Completing the square:

Since the equation has x and y squared terms on the left and 0 on the right, the equation represents pair of lines crossing each other at \(\displaystyle{\left({4},-{2}\right)}.\)

\(\displaystyle{4}{x}^{2}-{y}^{2}-{32}{x}-{4}{y}+{60}={0}\)

\(\displaystyle{4}{x}^{2}-{32}{x}-{y}^{2}-{4}{y}=-{60}\)

\(\displaystyle{4}{\left({x}^{2}-{8}{x}\right)}-{\left({y}^{2}+{4}{y}\right)}=-{60}\)

\(\displaystyle{4}{\left({\left({x}\right)}^{2}-{2}{\left({x}\right)}{\left({4}\right)}+{4}^{2}-{4}^{2}\right)}-{\left({y}^{2}+{2}{\left({y}\right)}{\left({2}\right)}+{2}^{2}-{2}^{2}\right)}=-{60}\)

\(\displaystyle{4}{\left({\left({x}\right)}^{2}-{2}{\left({x}\right)}{\left({4}\right)}+{4}^{2}-{16}\right)}-{\left({y}^{2}\right)}+{2}{\left({y}\right)}{\left({2}\right)}+{2}^{2}-{4}=-{60}\)

\(\displaystyle{4}{\left({\left({x}-{4}\right)}^{2}-{16}\right)}-{\left({\left({y}+{2}\right)}^{2}-{4}\right)}=-{60}\)

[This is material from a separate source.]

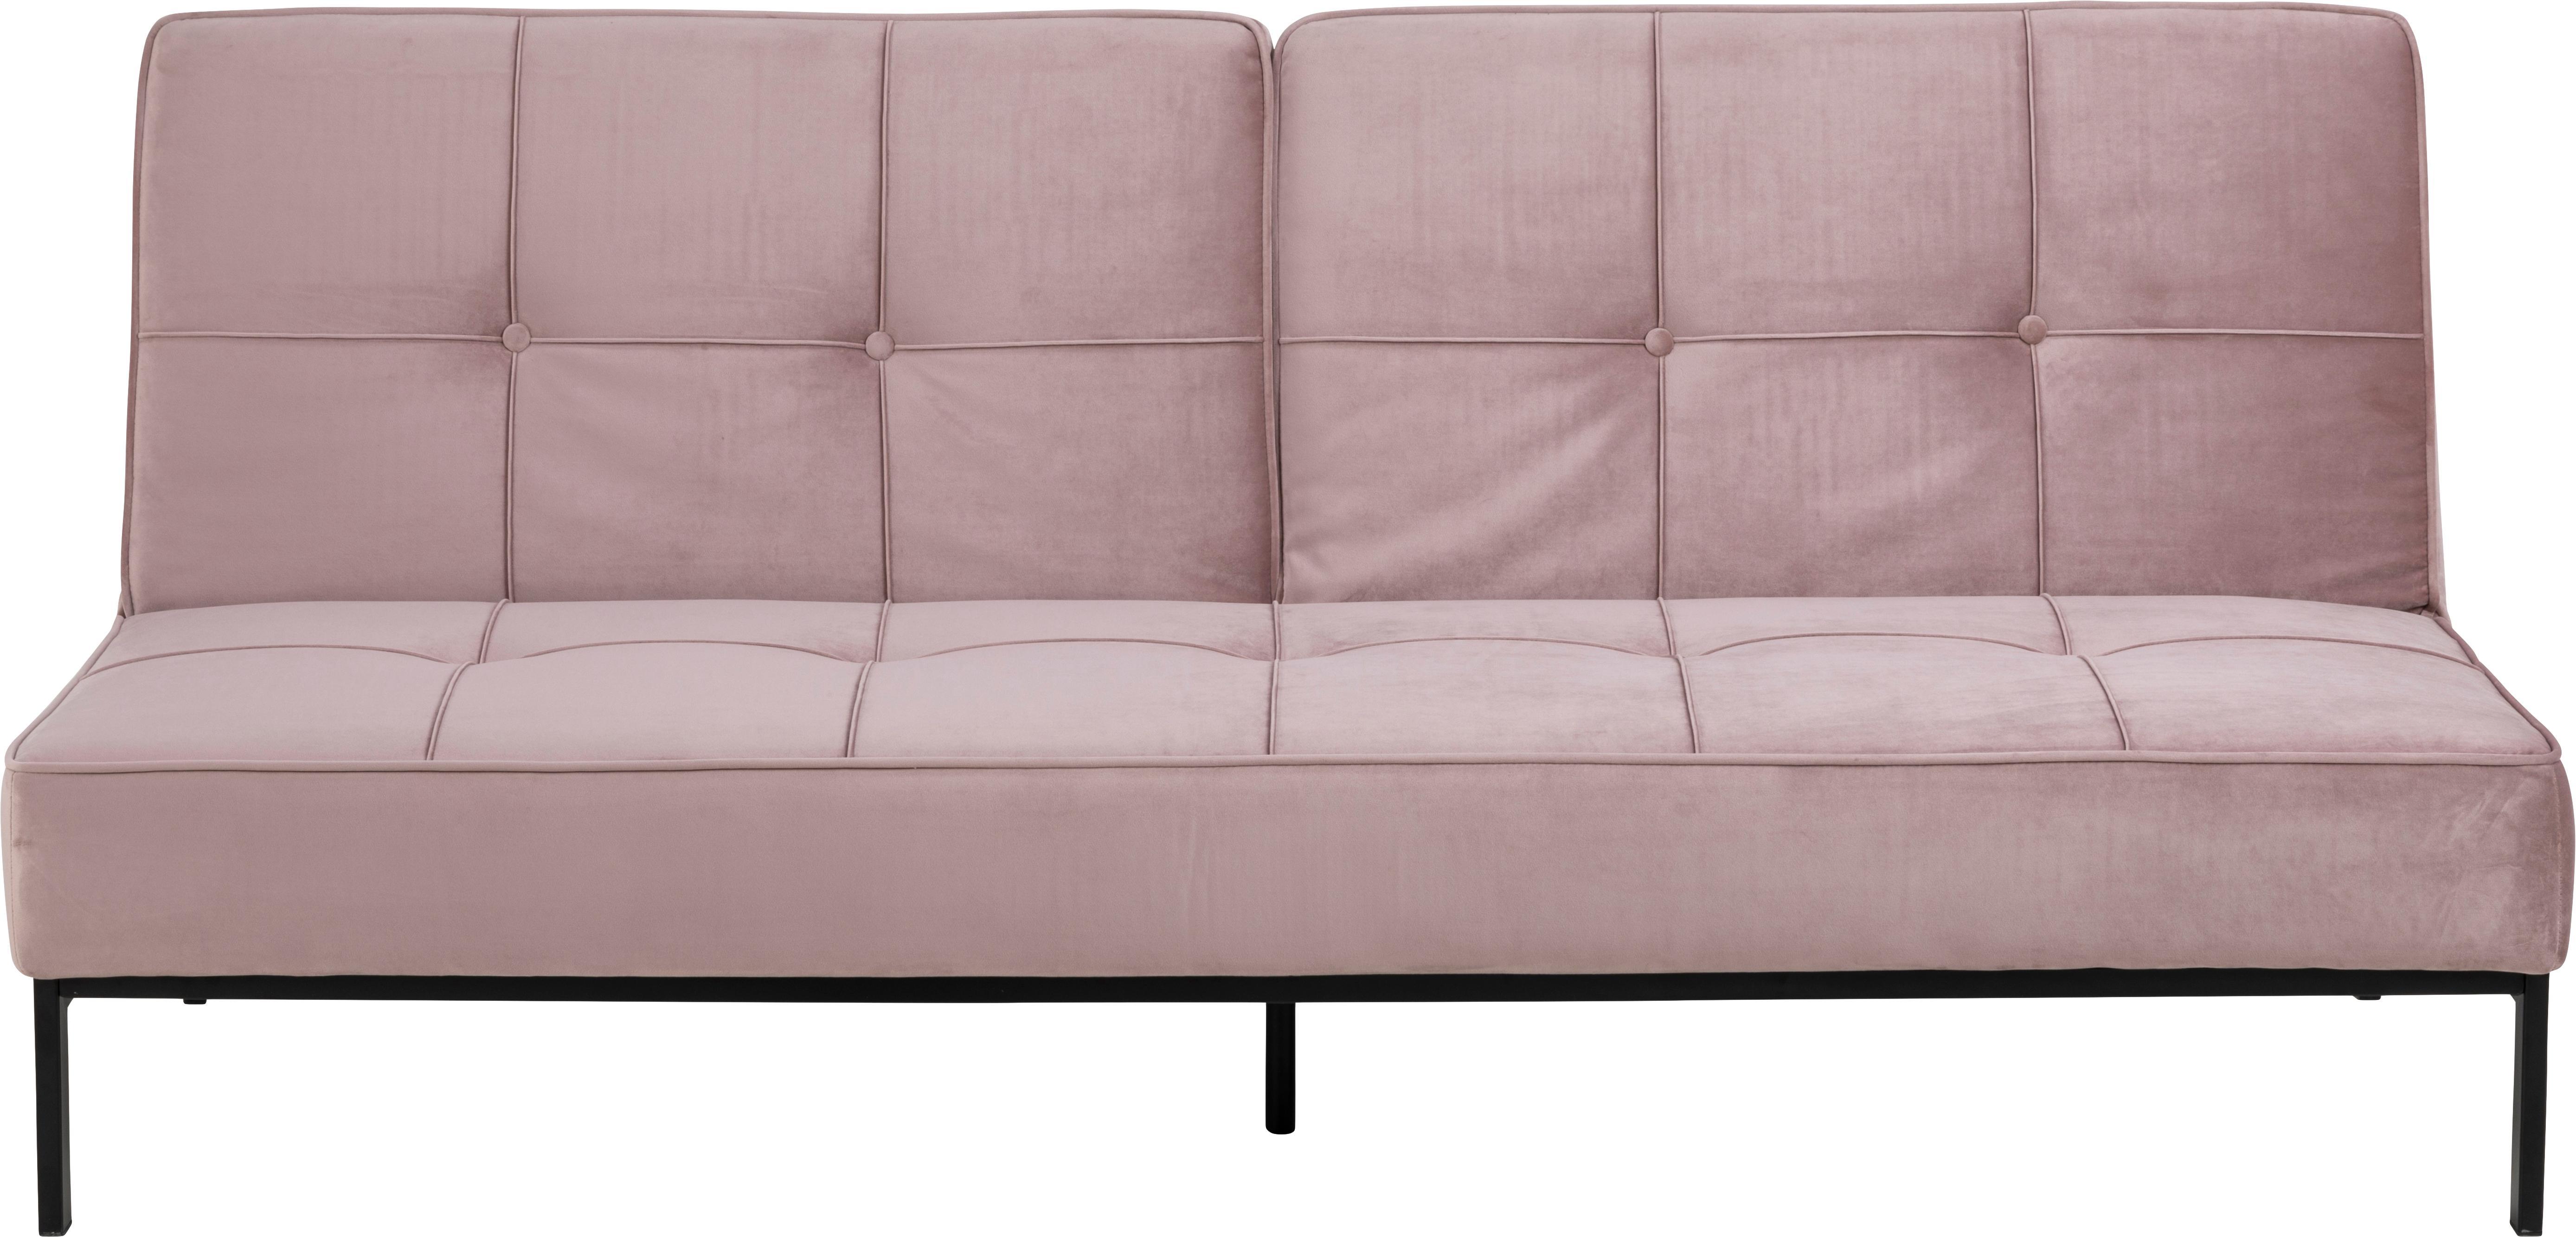 Samt-Schlafsofa Perugia in Rosa, Bezug: Polyester Der hochwertige, Füße: Metall, lackiert, Samt Rosa, B 198 x T 95 cm

\(\displaystyle{4}{\left({\left({x}-{4}\right)}^{2}\right)}-{64}-{\left({\left({y}+{2}\right)}^{2}\right)}+{4}=-{60}\)

\(\displaystyle{4}{\left({x}-{4}\right)}^{2}-{\left({y}+{2}\right)}^{2}={0}\)

Step 2

The equations of the lines are \(\displaystyle{2}{x}–{y}={10}{\quad\text{and}\quad}{2}{x}+{y}={6}\)

\(\displaystyle{4}{\left({x}-{4}\right)}^{2}-{\left({y}+{2}\right)}^{2}={0}\)

\(\displaystyle{\left[{2}{\left({x}-{4}\right)}\right]}^{2}={\left({y}+{2}\right)}^{2}\)

\(\displaystyle{2}{x}-{8}={\left({y}+{2}\right)}{\quad\text{or}\quad}{2}{x}-{8}=-{\left({y}+{2}\right)}\)

\(\displaystyle{2}{x}-{8}={y}+{2}{\quad\text{or}\quad}{2}{x}-{8}=-{y}-{2}\)

\(\displaystyle{2}{x}-{y}={10}{\quad\text{or}\quad}{2}{x}+{y}={6}\)

Step 3

Answer:

The equation represents pair of lines crossing each other at (4, -2) and the equations of the lines are \(\displaystyle{2}{x}–{y}={10}{\quad\text{and}\quad}{2}{x}+{y}={6}\)